## Data extract

********************

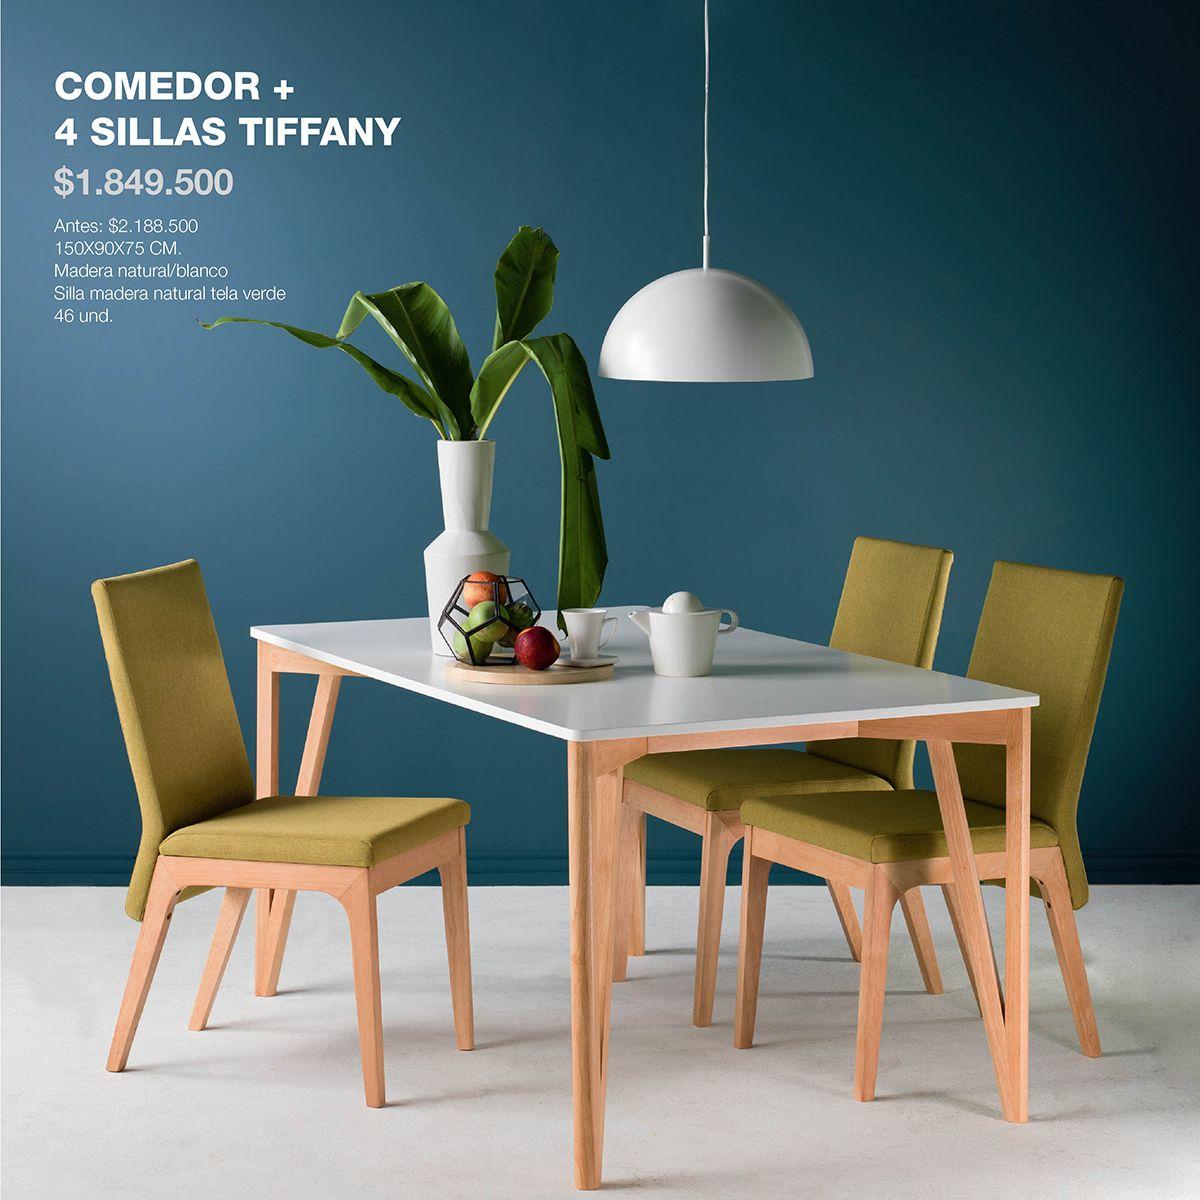 Comedor y sillas tiffany vidrio de color blanco y madera for Sillas grises para comedor
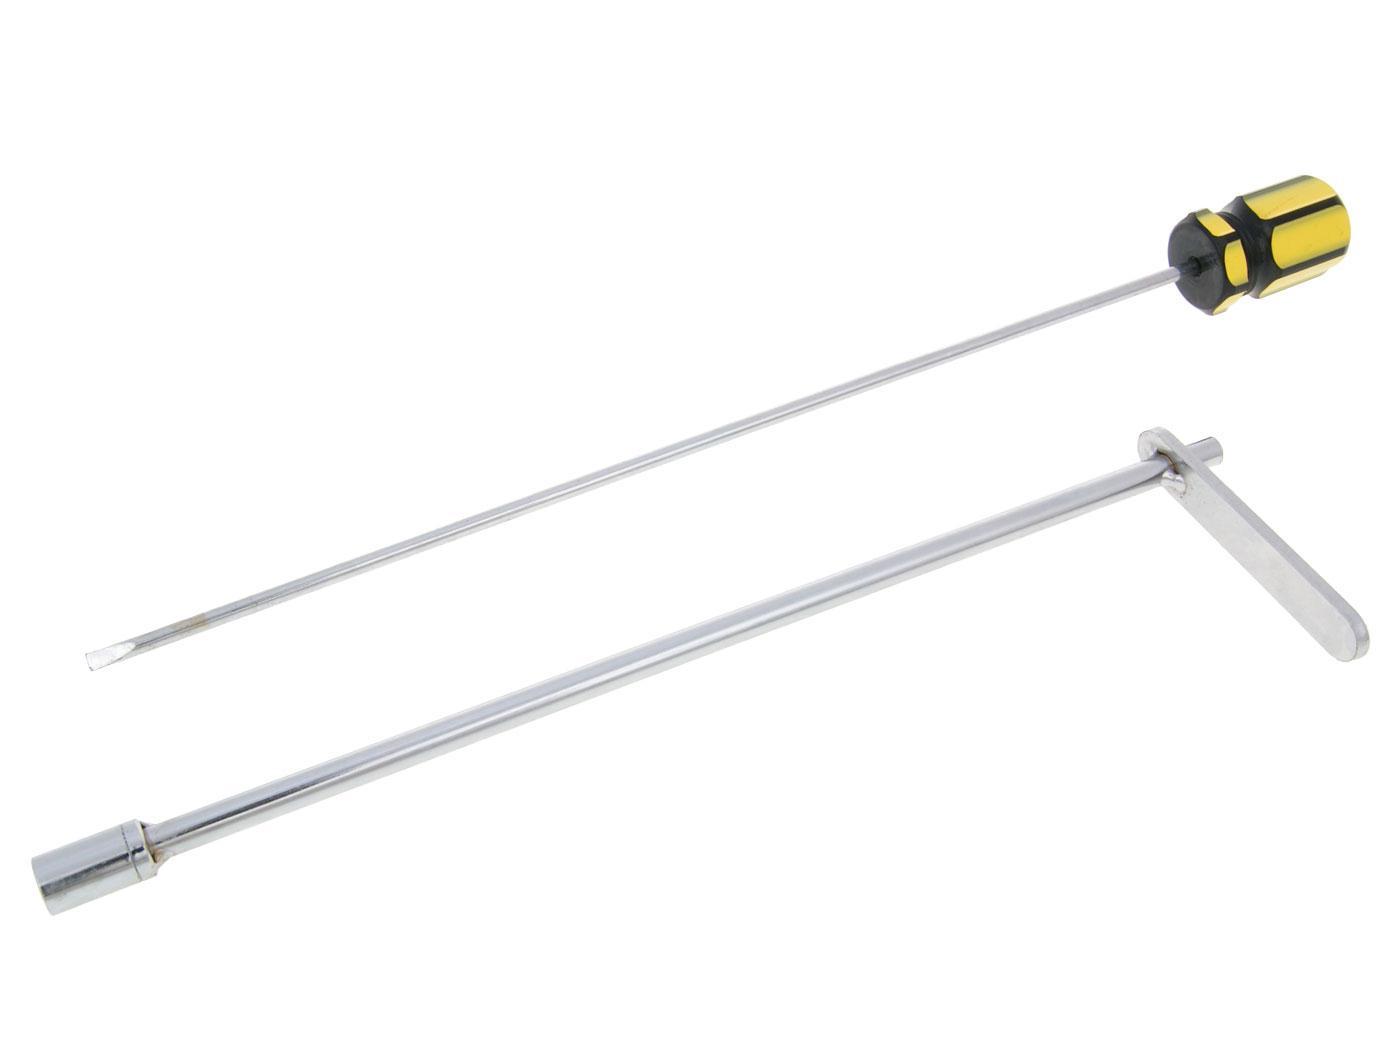 Schraubendreher Vergaser Einstellwerkzeug 280mm 8mm Sechskan
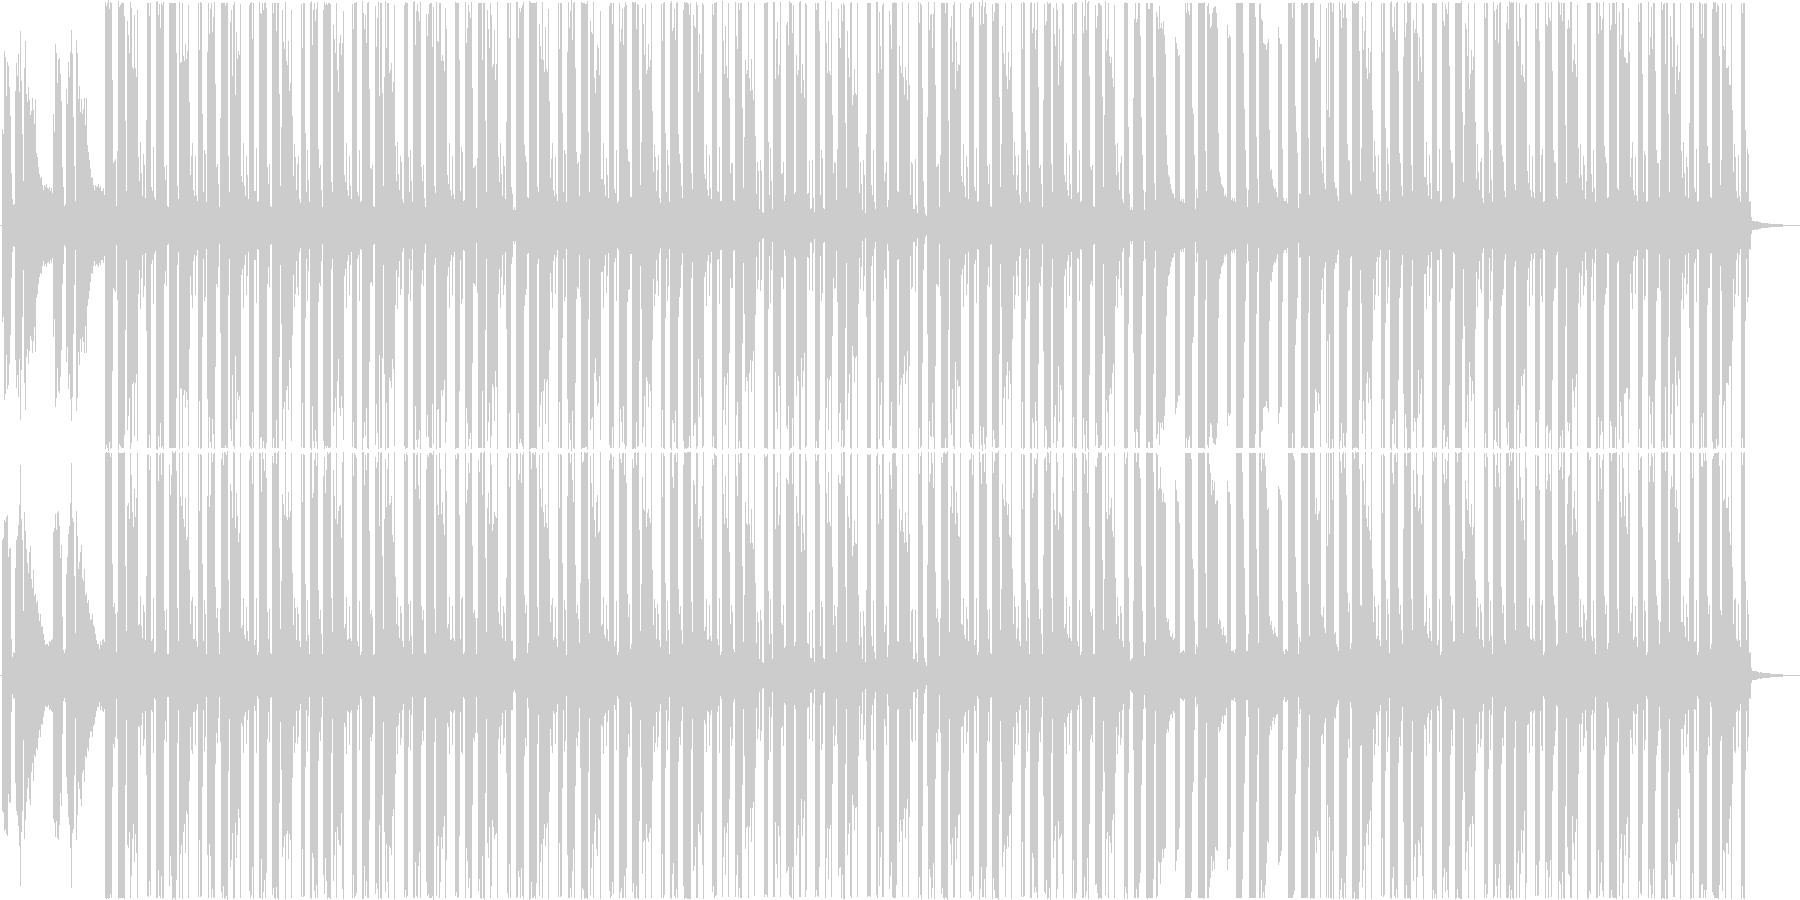 映像作品のBGMやリラックスタイムにの未再生の波形
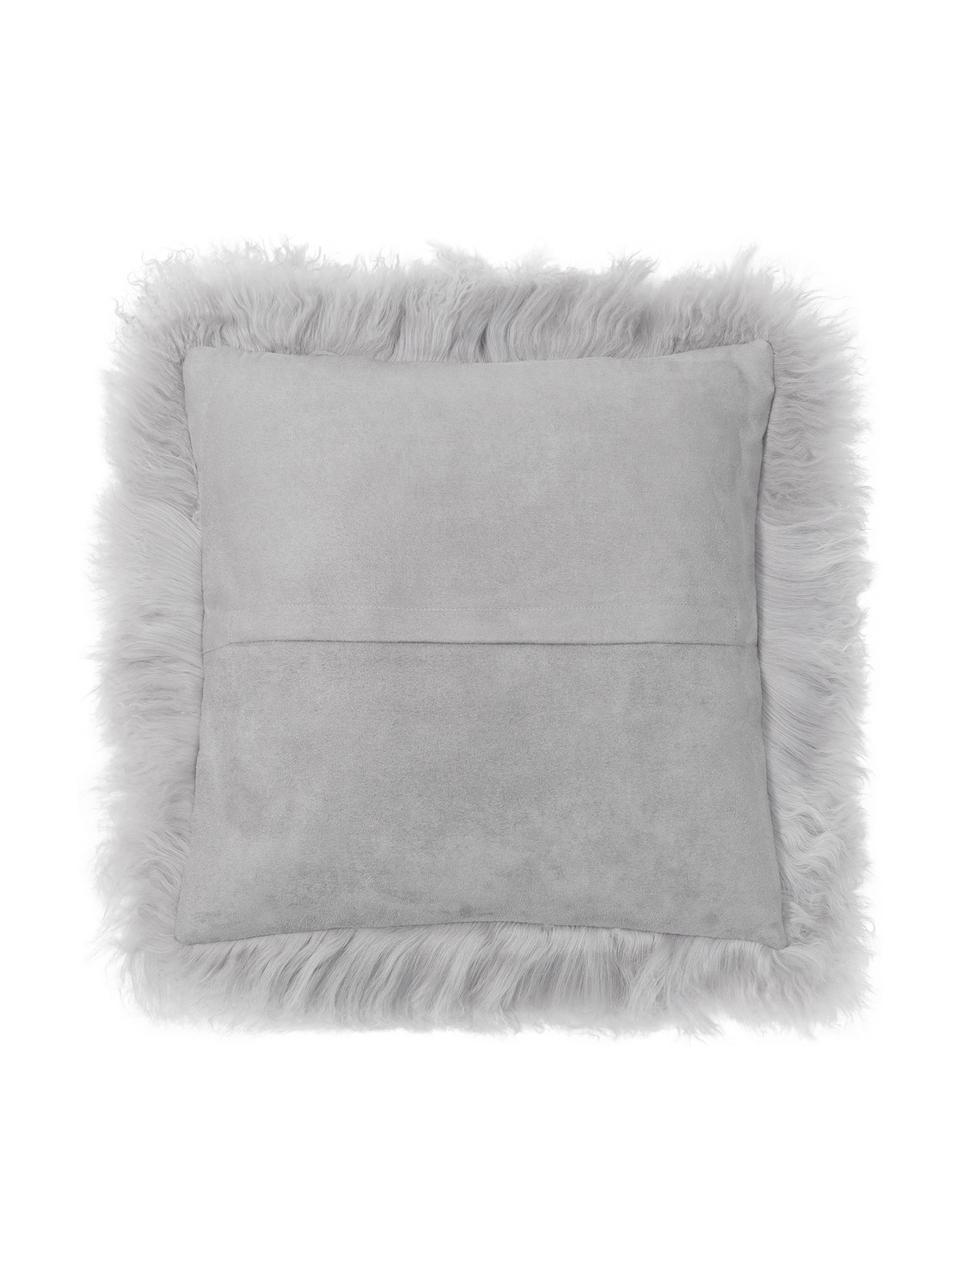 Poszewka na poduszkę ze skóry jagnięcej o długim włosiu Ella, Jasnoszary, S 40 x D 40 cm
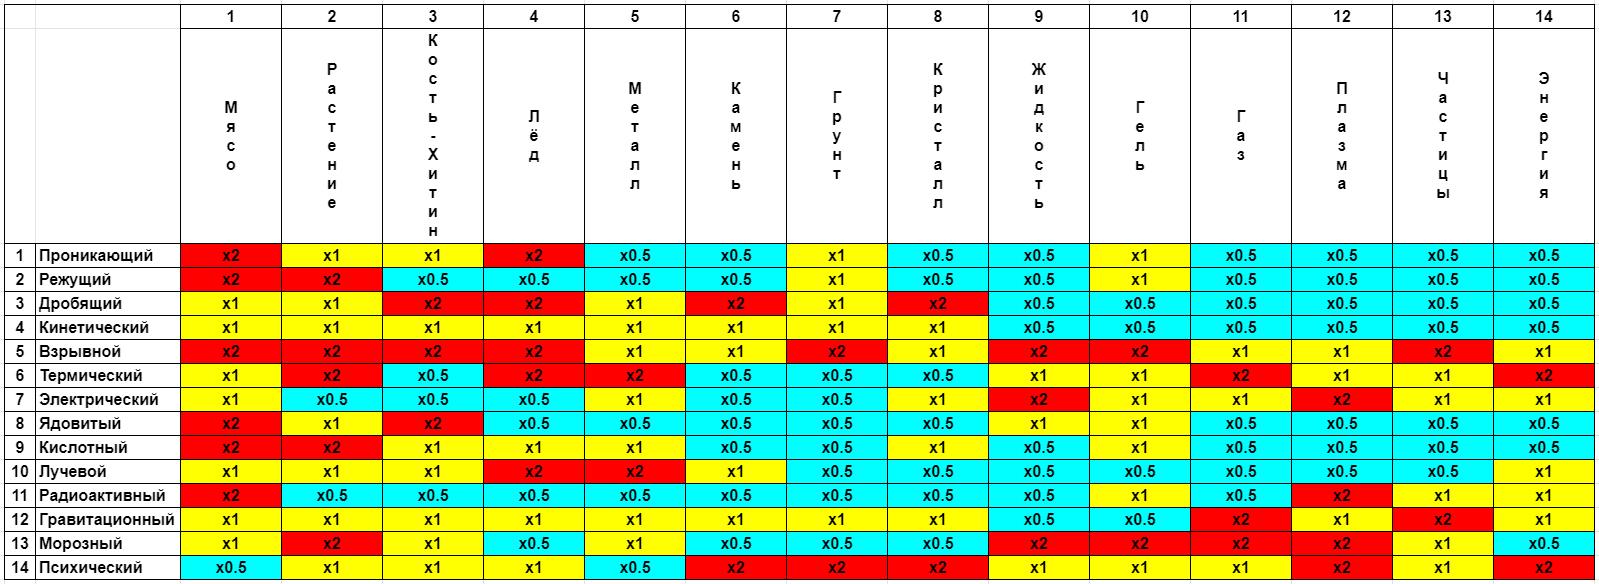 Таблица урона   Deathbring Rangers - Тактическая Пошаговая Коллекционная Стратегия в духе JRpg.

********************

## Work item
Extract all the entries word for word; omit any pictures.

## Solution
 Comedor y sillas tiffany vidrio de color blanco y madera for Sillas grises para comedor
 Schraubendreher Vergaser Einstellwerkzeug 280mm 8mm Sechskan
 映像作品のBGMやリラックスタイムにの未再生の波形
 Poszewka na poduszkę ze skóry jagnięcej o długim włosiu Ella, Jasnoszary, S 40 x D 40 cm
 Таблица урона   Deathbring Rangers - Тактическая Пошаговая Коллекционная Стратегия в духе JRpg.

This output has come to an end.